Amtrak, upon its 1971 commencement of operations, kept the Riley intact. During the summer, it began integrating the Riley with the George Washington, an old C&O sleeper running from Cincinnati to Washington, with a section splitting off at Charlottesville, Virginia to continue to Newport News. The George began exchanging Washington-Chicago and Newport News-Chicago through coaches with the Riley at Cincinnati on July 12, and a through sleeping car began September 8. Earlier, the George had handed its sleepers to the Riley for most of the 1950s.
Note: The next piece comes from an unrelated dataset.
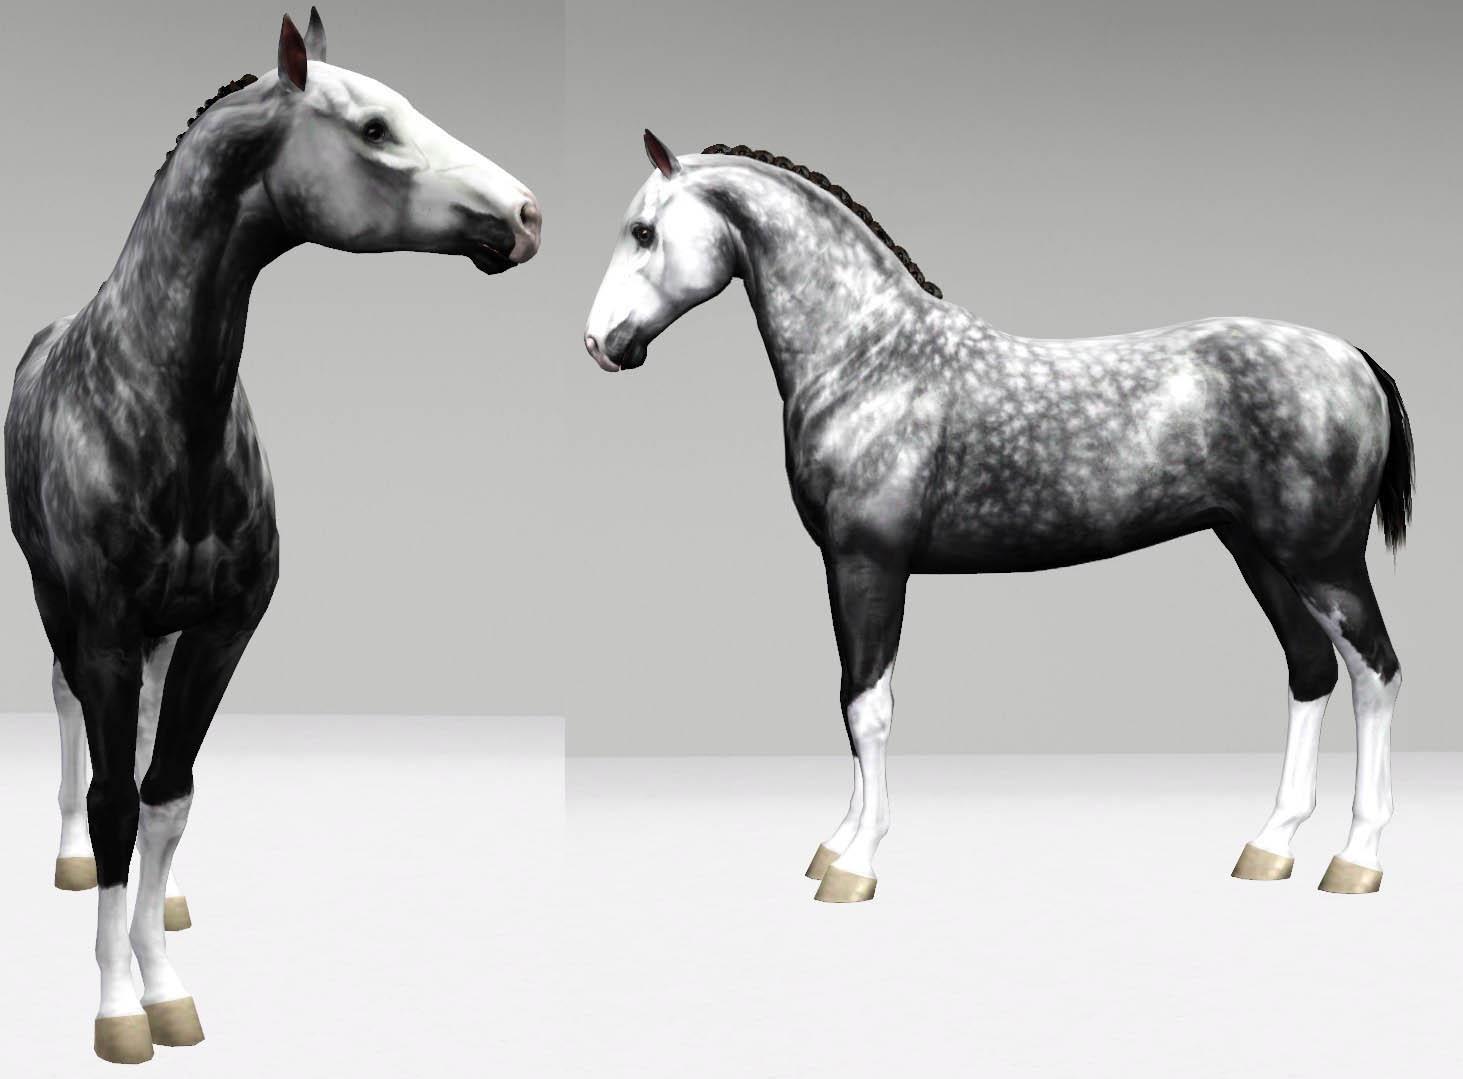 Регистрация лошадей в RHF 2 - Страница 8 Ga09LzSPrRY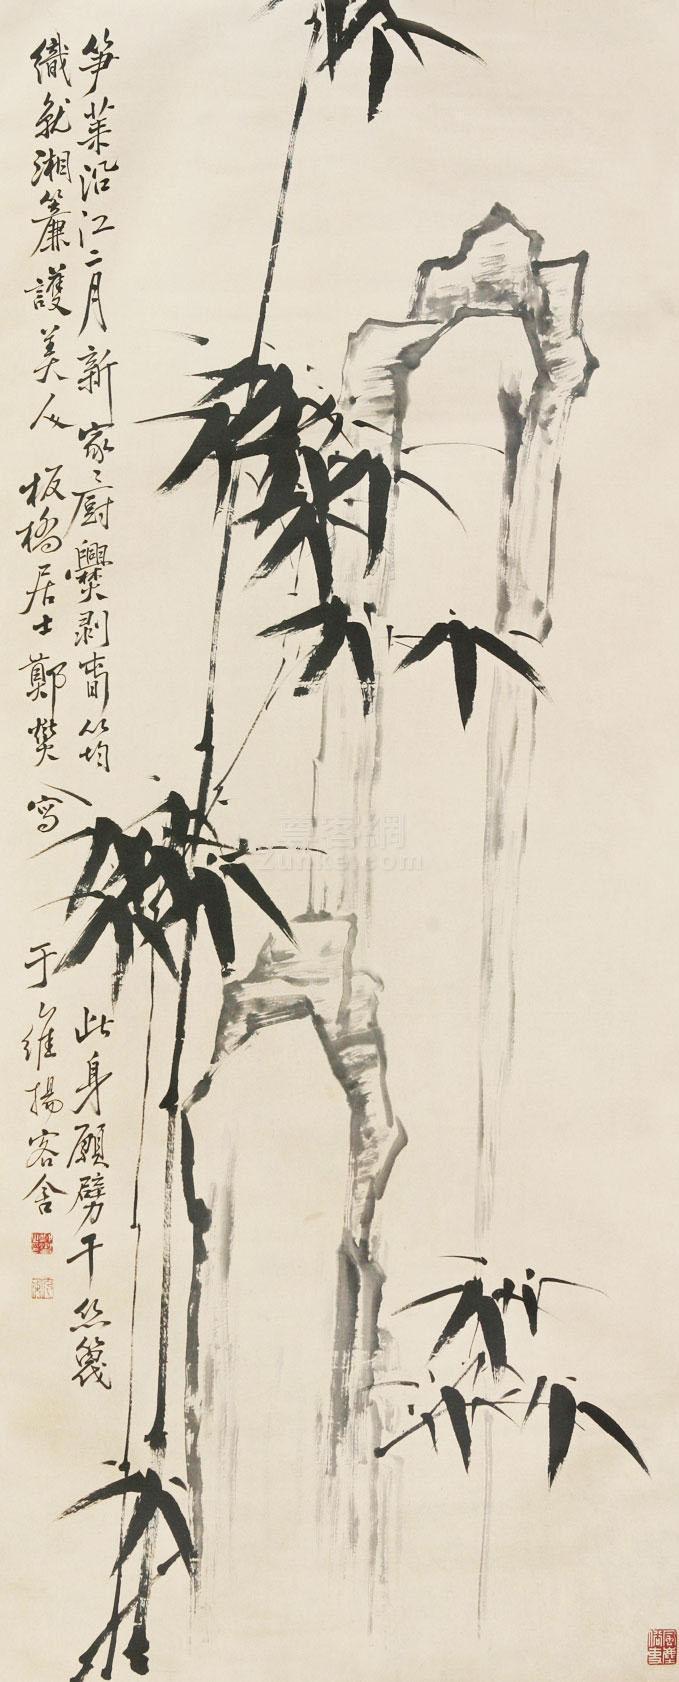 郑板桥 竹石图 立轴 水墨纸本作品欣赏

With the November 14, 1971, schedule, the Riley and George Washington merged into a single long-distance Chicago-Washington/Newport News train. The merged train was known as the George Washington eastbound and the James Whitcomb Riley westbound. At the same time the route was extended from Washington to Boston, Massachusetts, and was assigned train numbers 50 eastbound and 51 westbound.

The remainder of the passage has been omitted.